A day trip to the Perito Moreno Glacier in the Parque National Los Glacier. This national park between Chile and Argentina has over 325 glaciers and is the third largest ice field in the world: the first is Antarctica and then Greenland. You can no longer camp in the park, so it is day use by bus for us. Our hostel arranged the whole day adventure leaving at 8am, returning at 5pm. Our guide spoke some English so we were introduced to the facts and figures. Pierto Moreno Glacier is 14km long, 5km south face to north face with 60m above the water and 140 meters below and advances 2m per day but due to evaporation and calving, loses 2m per day, making it stable.

It is an 80km ride from town to the glacier and we ascend from plains to Andes with many changes in ecosystems as we approach up the winding road of concrete and the gravel in the park. Our first sight of the glacier was the south face over the Brazo Sur arm of the Lago Argentina. This is the less imposing face, but still took our breath away. We played peek-a-boo with glimpses until we lost sight of the ice field as we turned for the approach to the north face side – our destination.

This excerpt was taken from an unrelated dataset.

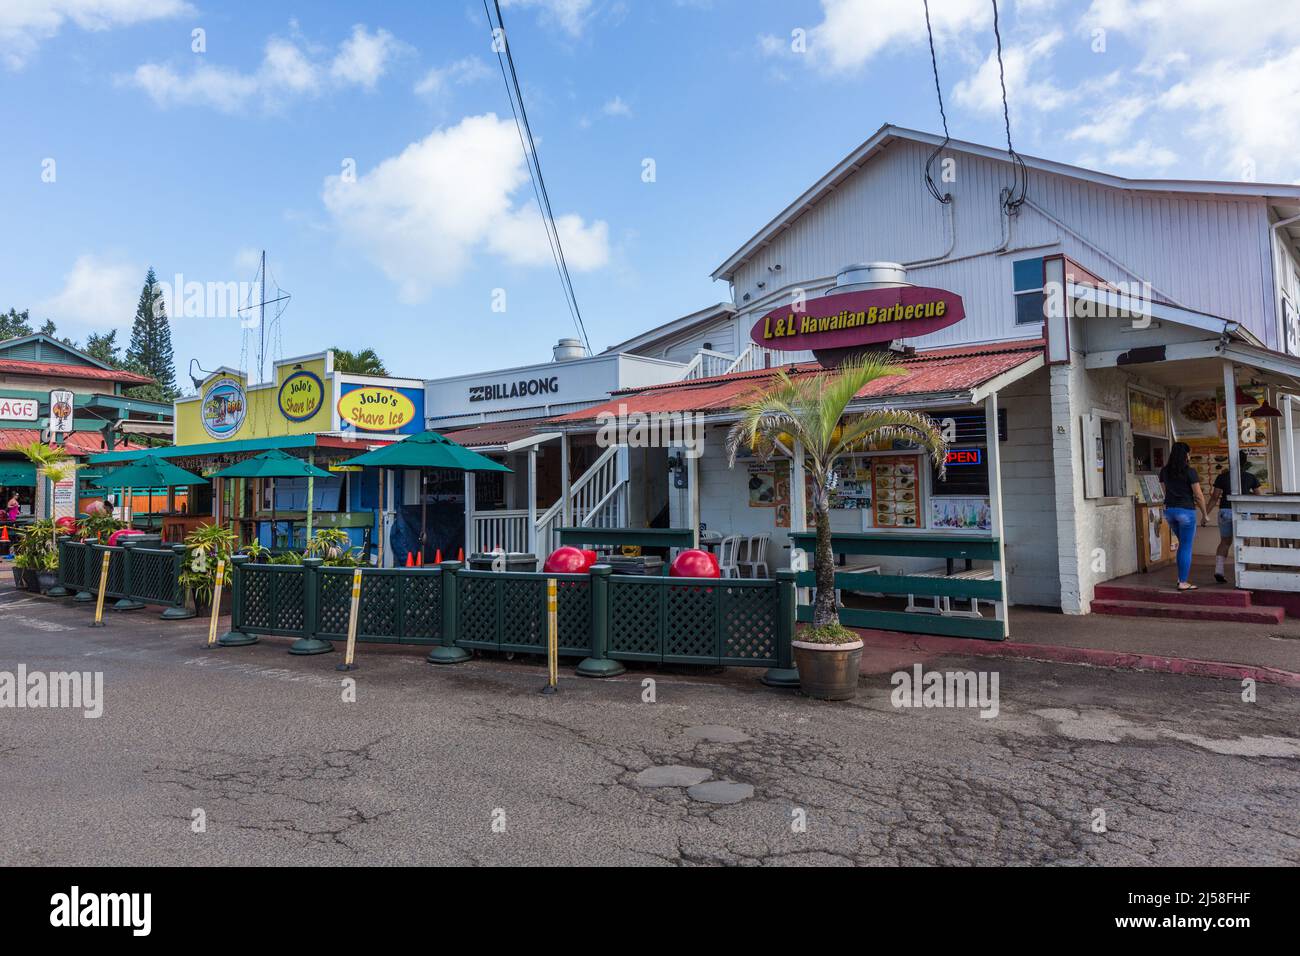 Restaurantes de comida rápida y tiendas turísticas en un centro comercial en Hanalei, Kauai, Hawaii. Foto de stock

We had the opportunity to take the catamaran ship to view the north face up close and personal for an additional $13US p/p and decided to do it. Very exacting: a big new boat took us out into the milky blue lake with icebergs dotting the surface. As we approached the north face, passengers were allowed out on the deck to view the awesome spectacle of this powerful event of nature: an active glacier. It was better than watching a National Geographic special! The castle like structures, spikes, peaks and turrets with gem like shapes reflecting colors of bright blue to an almost neon crystal blistering blue. As we slowly patrolled the face we would hear a loud crack, boom! And a large calf or ice face would peal off and plunge into the water below, sending up high waves and then the broken piece would surface as an iceberg floating toward the ship. The oohs and ahhs of the other passengers added to our excitement. The sun would poke through the clouds increasing the drama by playing its rays across the crystalline surfaces.

1.  first peek

2.  boarding the "cat"

3.  up close and personal


The one hour boat trip ended too soon, then we bused up the mountain to the balconies area where there are platforms linked by wooden boardwalks and steps to get a much closer view of both the north and south faces. From the balconies, we could feel and experience the power of the moving ice. Strong winds would buffet us; mist and rain mixed with rainbows and sun; weather we could watch advance down the huge ice fields to the glacier’s face.

1.  castle

2.  view from the "balconies"

3.  ice field and weather

4.  flora and fauna

 

We ate our picnic lunch listening to the moans of the ice and cries of awe from our fellow viewers. After lunch we hiked down through the forest with our last glimpses of the glaciers mixed with a didactic of the flora and fauna from our guide. Wow – what a day!